----- Original Message ----
> From: Robert Vanderbei <[email protected]>
>
> I'm not sure I understand your questions.
> ...
> More comments below...
>
> On Jul 21, 2010, at 11:57 AM, luzius.thuerlemann wrote:
>
> > Ok, here my problems:
> > 1. when I want to see if there are other coordinate data in the
> > information
>board for the moon in Alt-Az and Ra-Dec, and let the software search for the
>moon in the toolbar, the coordinates are centered +00°00' and 24h00m00,0s (in
>polar projection). But the moon is on the other end of the sky.
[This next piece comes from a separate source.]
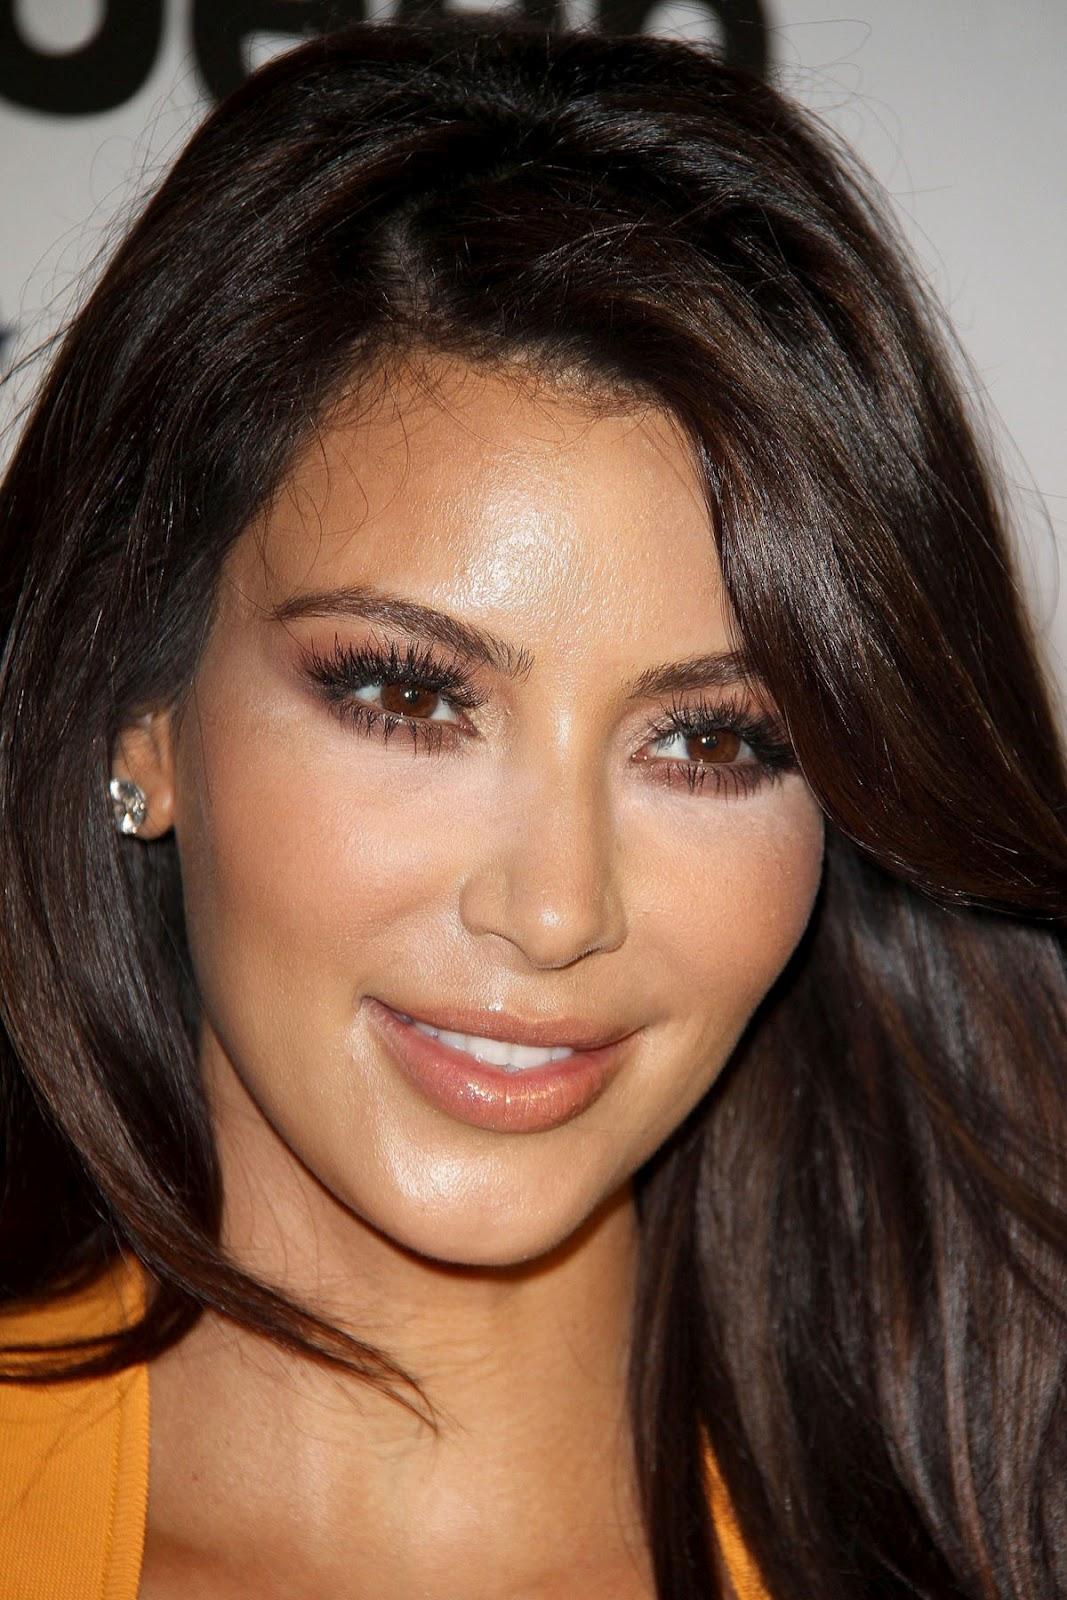 http://4.bp.blogspot.com/-B00seqMoSlk/T5WhEt67oTI/AAAAAAAAH8o/k9so3fG8lKU/s1600/Kim-Kardashian-Power-Foward-Partnership-Event-6b.jpg

How to fix
>this.
> >
> I'm not sure what you mean by "the coordinates are centered +00°00' and
>24h00m00,0s (in polar
> projection)". I guess you mean that you are in Alt/Az mode looking
> straight
>up, right?
No, 0 deg 24h would be a point on the celestial equator.
But I'm having a hard time understanding his questions, too.
> > 2. on the 21. July 2010 at 00:15.00 the moon completely disappeared below
>the south-western mountain-horizon. When I simulate this time then the moon
>in
>Alt-Az-projection (because in polar alignment I can't see the mathematical
>horizon) is already displayed below the mathematical horizon. What is wrong
>here?
>
I don't understand- you said the moon was below the horizon at 00:15:00, so
what's the problem?
In v2.7x, you can make the ground semi-transparent. See the "chart appearance"
settings.
> > The difficulty is that I can't imagine to create a proper local horizon
> > with
>these obstacles - I mean, one evening the moon rises above a mountain and on
>the following night the moon rises above the same horizon but is displayed
>much
>below or above the already created horizon line from the previous night.
>
Uh, sure. The moon rises at a different time each night.